Page 4 of 12

Study Design

Exposure assessments can be applied in many different contexts meaning the objectives can be very different from one study to the next. In occupational and environmental epidemiology, investigators are often attempting to examine the relationship between an exposure and a health outcome of interest. Examples of common study designs used in occupational and environmental epidemiology include case-control, cohort, cross-sectional, and time series.

For more information on epidemiological study designs, review the following modules:

When designing a study to estimate exposure, it is important to take into consideration the following questions:

What is the exposure being measured and how does it relate to the proposed causal agent?
What methods will be used to determine exposure (i.e. what does it mean to be "exposed"?)?
How many samples (i.e. sample size) should be taken to be able to detect an association?
Who is the exposed population and how might vulnerable sub-population be affected differently?
When and for how long (duration and frequency) will exposure data be captured?

What? - Causal Agent or Surrogate

It is important to distinguish between what the actual agent of concern is and what is being measured in the study.

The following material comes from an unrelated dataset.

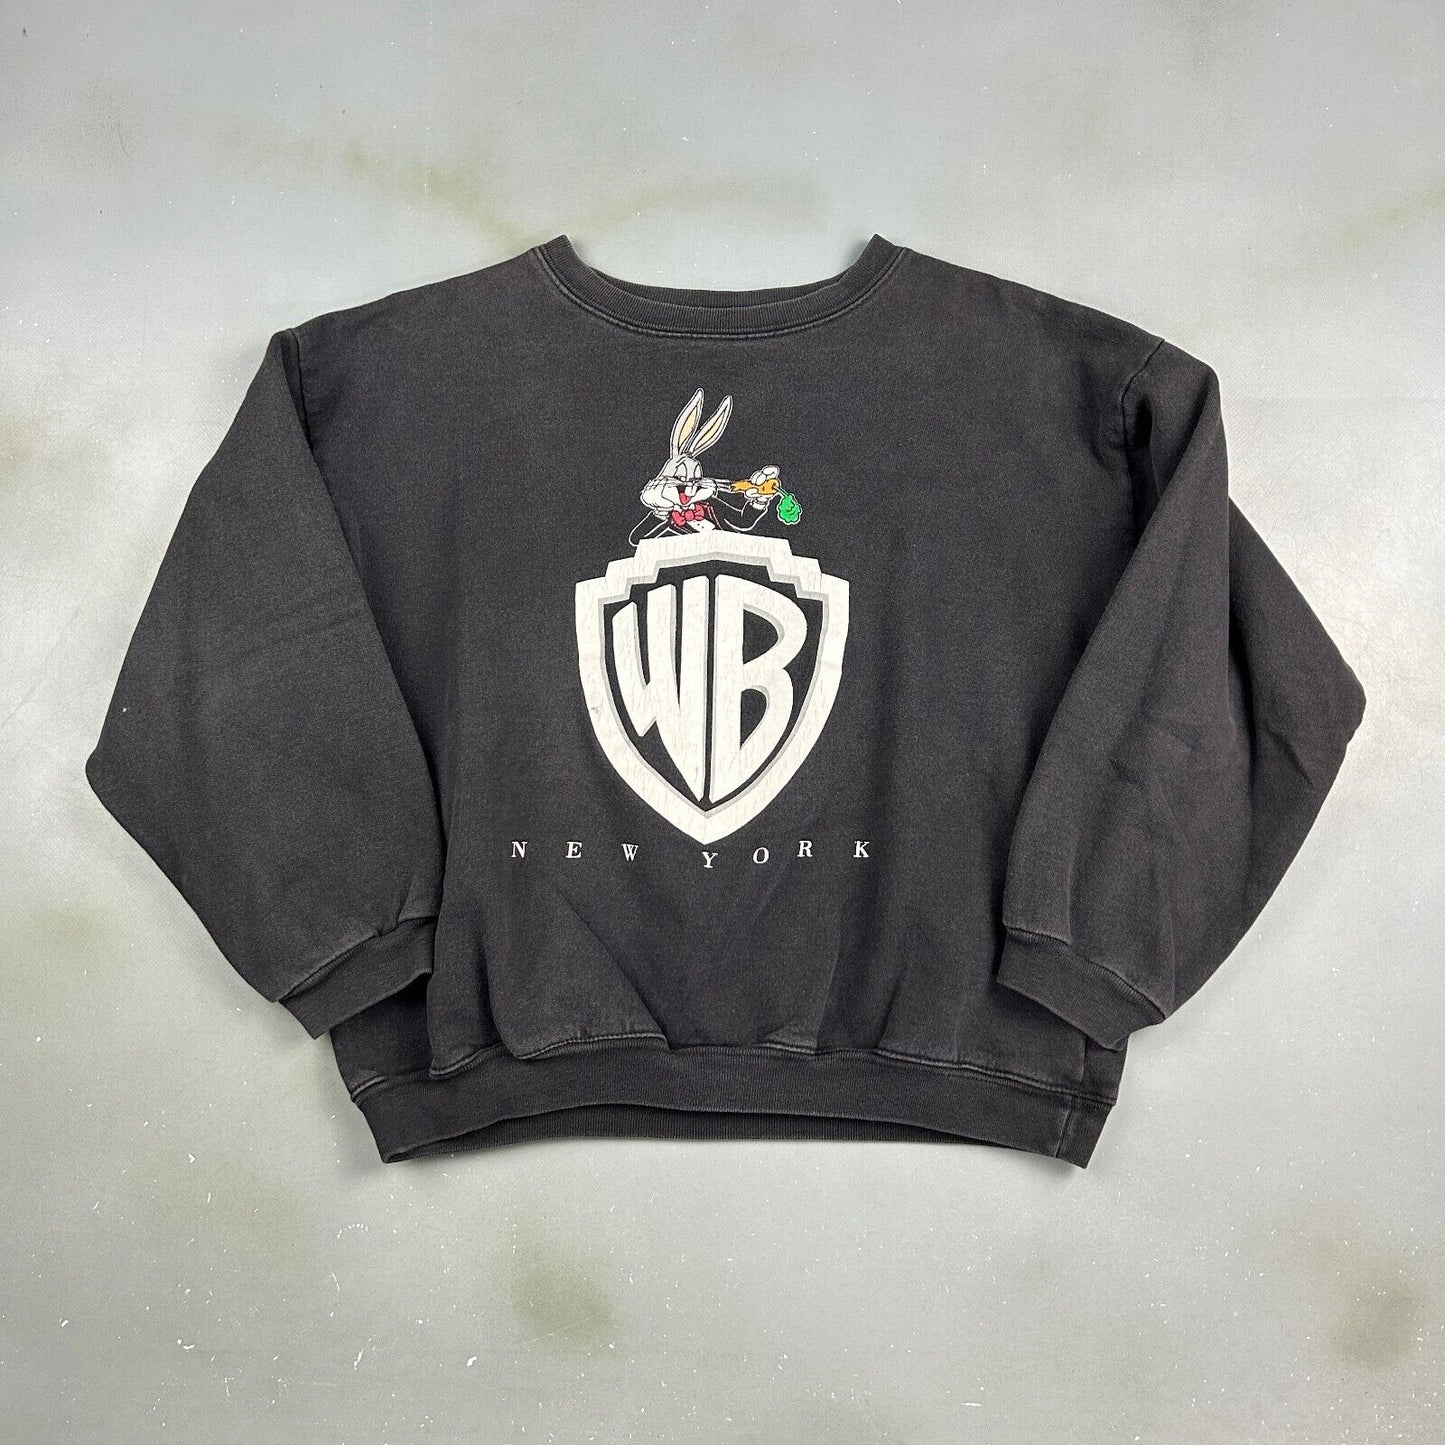 VINTAGE 90s Bugs Bunny Warner Bros New York Faded Crewneck Sweater sz XS Adult

At times it may be difficult or impossible to measure exposure to the actual agent. In such cases, exposure to a surrogate is estimated. The surrogate being used to measure exposure should closely correlate with the actual causal agent. Another important consideration when using surrogates is identifying where they belong on the exposure-response pathway.

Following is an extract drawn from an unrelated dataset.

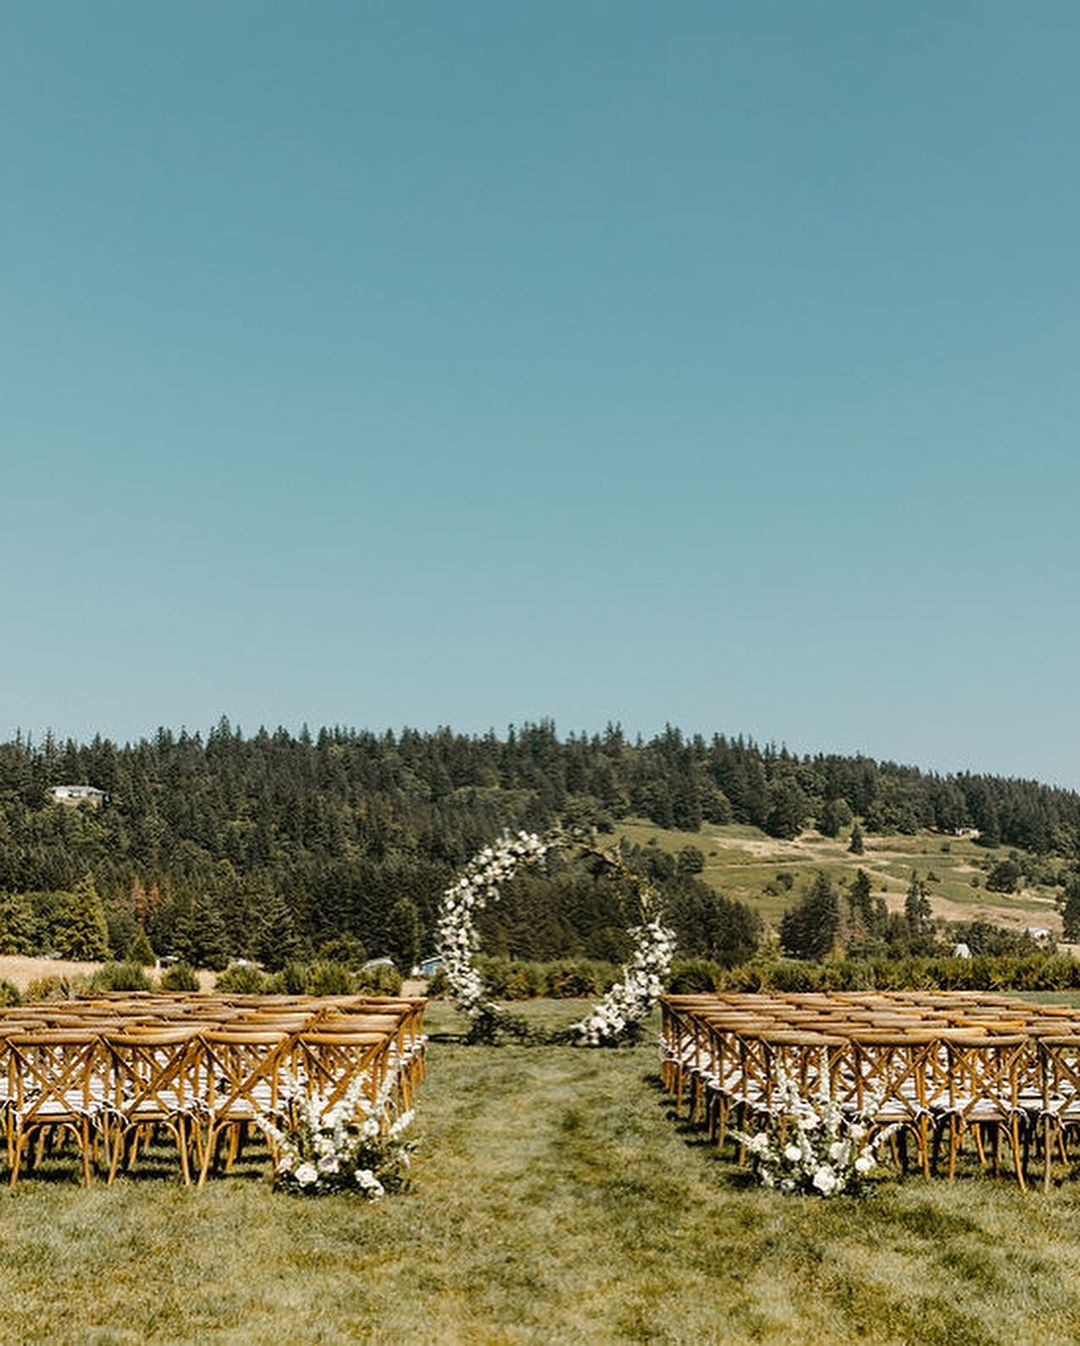 ceremony aisle at european-inspired wedding venue

While investigators can measure exposure at the source or in the media, such measurements may not accurately reflect actual exposure due to factors such as the environmental fate and transport of a given agent. Biomarkers are an example of a surrogate that is more indicative of the absorbed dose of a given agent as opposed to the actual exposure for an individual or population. Factors such as absorption, distribution, metabolism, and excretion will affect how much of the exposed agent is bioavailable.

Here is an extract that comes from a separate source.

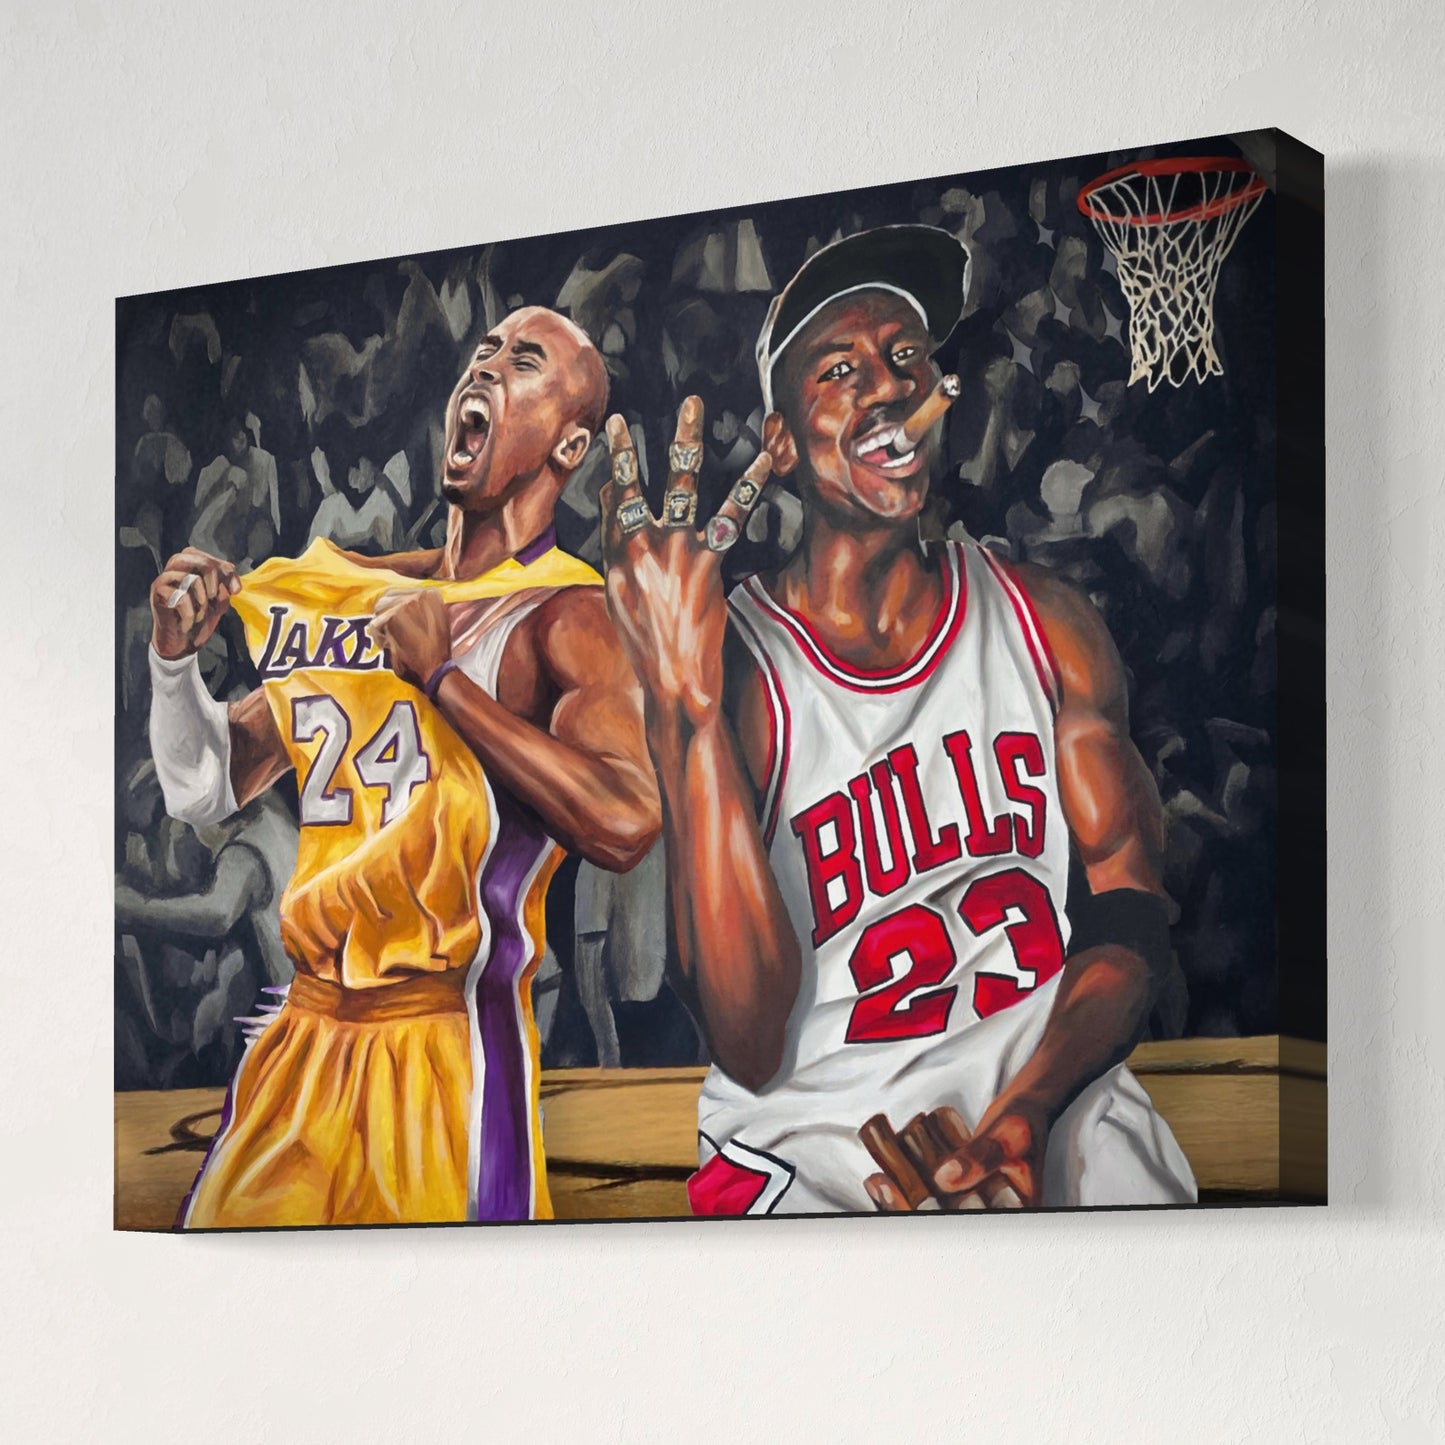 Kobe and Jordan - Canvas

Assessing exposure can take place at any point along the exposure-related disease pathway. Review the examples of exposure measurements listed below and determine where they belong in the exposure-related disease pathway, which includes sources/emissions, environmental media, micro-environment, routes of exposure, absorbed dose, biologically effect dose, and altered structure/function.

Blood cholinesterase to assess exposure to organophosphates
Soil arsenic levels in playgrounds to assess children's exposure
PAH-DNA adducts to assess PAH exposure
Skin wipes to measure dermal exposure to pthalates
Blood lead levels to assess lead exposure
Industry reporting on lead emissions to measure lead exposure
Ambient air samples at fixed locations to collect particulate matter data

How? - Data Collection

Exposure assessments are often tasked with trying to obtain accurate, precise, and biologically relevant exposure estimates in the most efficient and cost-effective way. The data collection methods employed by an exposure assessment often require a balancing act between accuracy/precision of data and logistic constraints, such as time, money, and resources. If too much of the accuracy and precision are compromised during this balancing act, errors such as misclassification of exposure can be introduced into the study resulting in attenuated estimates and even loss of power. Such error will be discussed later in the module.

Exposure can be classified, measured, or modelled with what are often referred to as direct or indirect methods.

Classification: Subjects in an exposure assessment can be classified using dichotomous values such as "exposed" or "not exposed" to a particular substance. Classifications can also incorporate multiple categories of exposure, such as "no", "low", "medium", and "high" or different job titles for an occupational study. Such classifications can be obtained through questionnaires or by expert assessment.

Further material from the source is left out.